For historical reasons, the inductance of chokes with sheet metal cores is still often determined by measuring their reactance during production. In this method, the choke is subjected to line current and line voltage, and the reactance is calculated based on the RMS values of current and voltage. From this, the inductance is derived. However, this approach has several significant disadvantages compared to the pulse measurement method. Therefore, Hans von Mangoldt GmbH is in the process of switching its inductance measurement in production to pulse measurement using the Power Choke Tester DPG10 series.

This article outlines both the pulse measurement principle and the conventional reactance-based method, highlighting the advantages of pulse measurement.

In addition, the practical application of the Power Choke Tester DPG10 series at Hans von Mangoldt GmbH in the series production of wound products with sheet metal cores, covering a power range from 1 kVA to over 1 MVA, is presented.

Finally, it will be shown how the Power Choke Tester DPG10 series can be integrated into fully automated production lines for mass-produced winding goods using the new InterfaceBox INT1, without having to write your own software.

From the curves of the current i(t) and the voltage v(t) on the test specimen, the following variables can be calculated with a single pulse:

• Differential inductance L_diff(i) (Figure 2) and L_diff(∫Udt)
• Amplitude inductance L_amp(i) and L_amp(∫Udt) (also called secant inductance)
• Flux linkage ψ(i)
• Magnetic co-energy W_co(i)
• Flux density B(i), if the core cross-section and number of turns are specified

The DC resistance is measured separately. The Power Choke Tester DPG10 Series is also suitable for 3-phase chokes with the optional 3-Phase Extension Unit.

 

Figure 1. Current and voltage curve of the measuring pulse.

CH1: Current 100A/div

CH2: Voltage 100V/div

Image used courtesy of Bodo’s Power Systems [PDF]

 

Pulse Measuring Principle of the Power Choke Tester DPG10 Series

With this measuring principle, a square-wave voltage pulse is applied to the test specimen, as in most real power electronics applications. This results in a ramp-shaped current increase in the test object (Figure 1), whose slew rate di/dt is dependent on the current-dependent inductance L(i).

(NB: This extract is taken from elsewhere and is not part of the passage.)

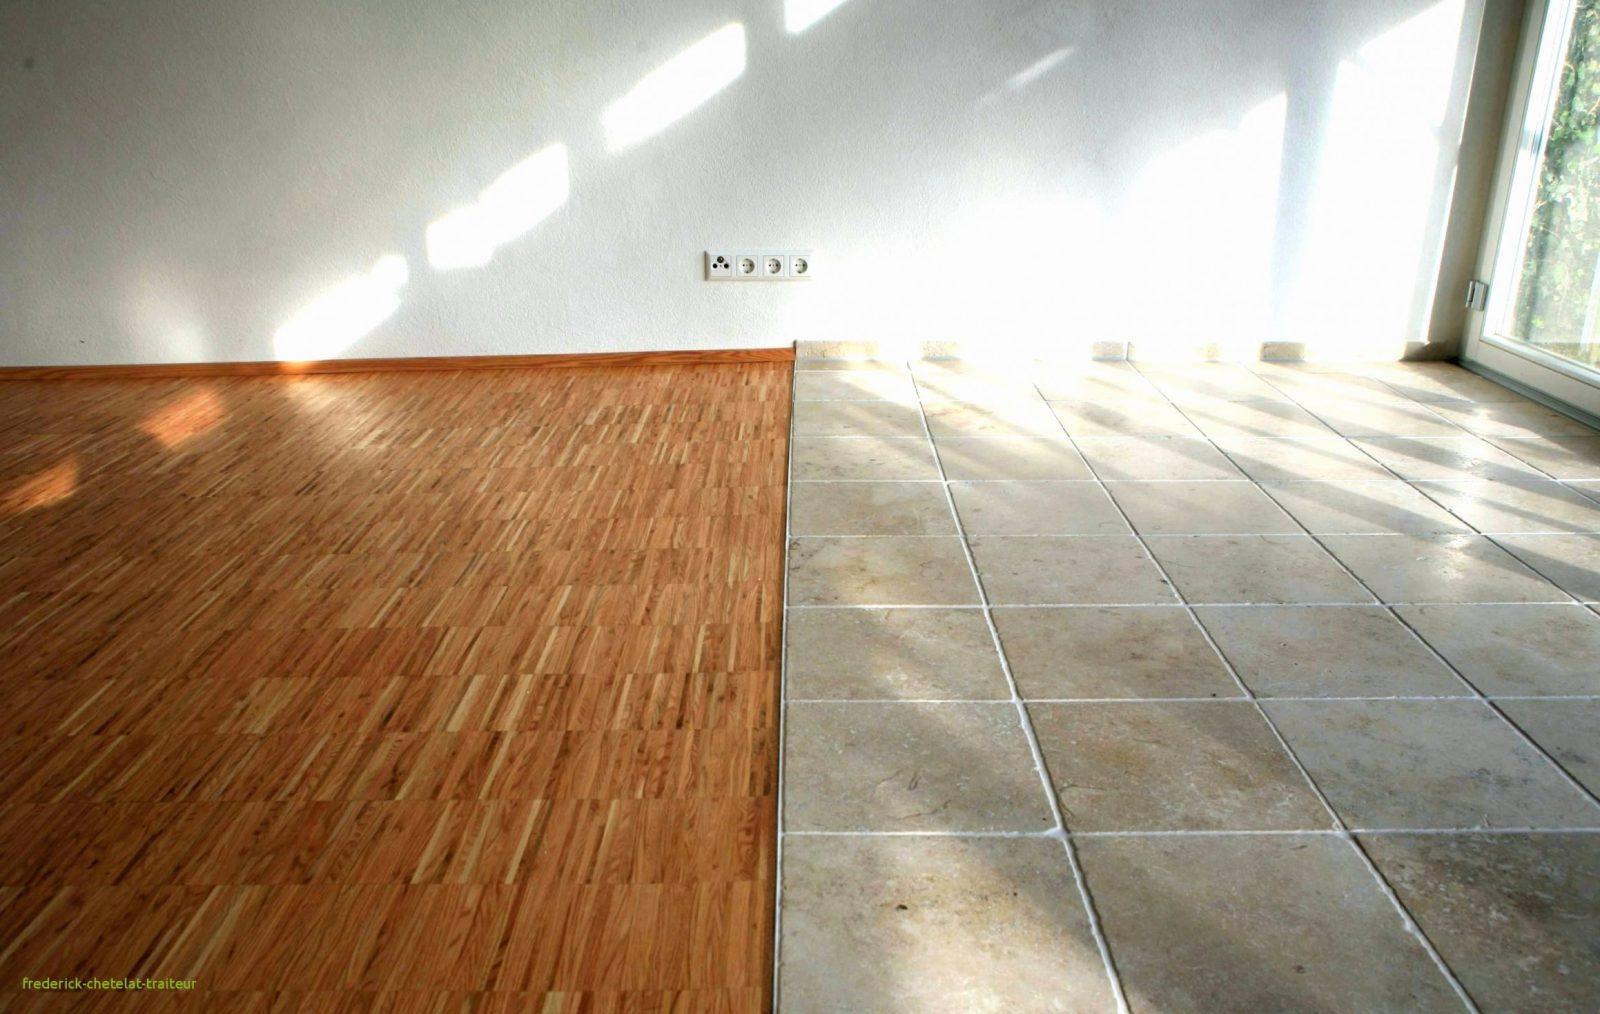 Pvc Fliesen Selbstklebend Poco Luxus Vinyl Fliesen Selbstklebend Obi von Vinyl Fliesen Selbstklebend Verlegen Photo

The measuring pulse is cut off again when a preset maximum current or a preset pulse duration is reached.

From the curves of the current i(t) and the voltage v(t) on the test specimen, the following variables can be calculated with a single pulse:

• Differential inductance Ldiff(i) (Figure 2) and Ldiff(∫Udt)
• Amplitude inductance Lamp(i) and Lamp(∫Udt) (also called secant inductance)
• Flux linkage ψ(i)
• Magnetic co-energy Wco(i)
• Flux density B(i), if the core cross-section and number of turns are specified

The DC resistance is measured separately. The Power Choke Tester DPG10 Series is also suitable for 3-phase chokes with the optional 3-Phase Extension Unit.

 

Figure 2. Diagram of the differential inductance Ldiff(i) of a filter reactor. Image used courtesy of Bodo’s Power Systems [PDF]

 

Advantages of the Power Choke Tester DPG10 Series at a Glance

• Extremely wide range of applications that cannot be achieved with any other commercially available inductance meter; suitable for almost all types of inductive power components from small SMD chokes to power chokes in the MVA range weighing several tonnes.
• Very wide current range, currently available from < 0.1 A to 10000 A
• Suitable for all core materials from < 5 Hz to many hundreds of kHz
• Very simple operation, test results within seconds
• Small and lightweight, even the 10 kA model can be used mobile on a trolley
• Affordable price point despite the very high measurement currents
• Pulse energy currently available up to 15 kJ
• No thermal influence on the DUT
• Also suitable for 3-phase chokes by means of the 3-Phase Extension Unit

 

Conventional Measurement of Reactance with Mains Voltage and Mains Current

When measuring the reactance, the rated current and rated voltage (50 Hz or 60 Hz) are usually applied to the test specimen. Electromechanical variable transformers or regulated inverters with sine filters are used for this purpose. The RMS values of the current and voltage are measured. According to general AC theory and neglecting the ohmic resistance, the inductance is then calculated as 

\[L=\frac{V_{rms}}{2\pi f* I_{rms}}\,\,\,\,\,\,\,\,\,\,(1)\]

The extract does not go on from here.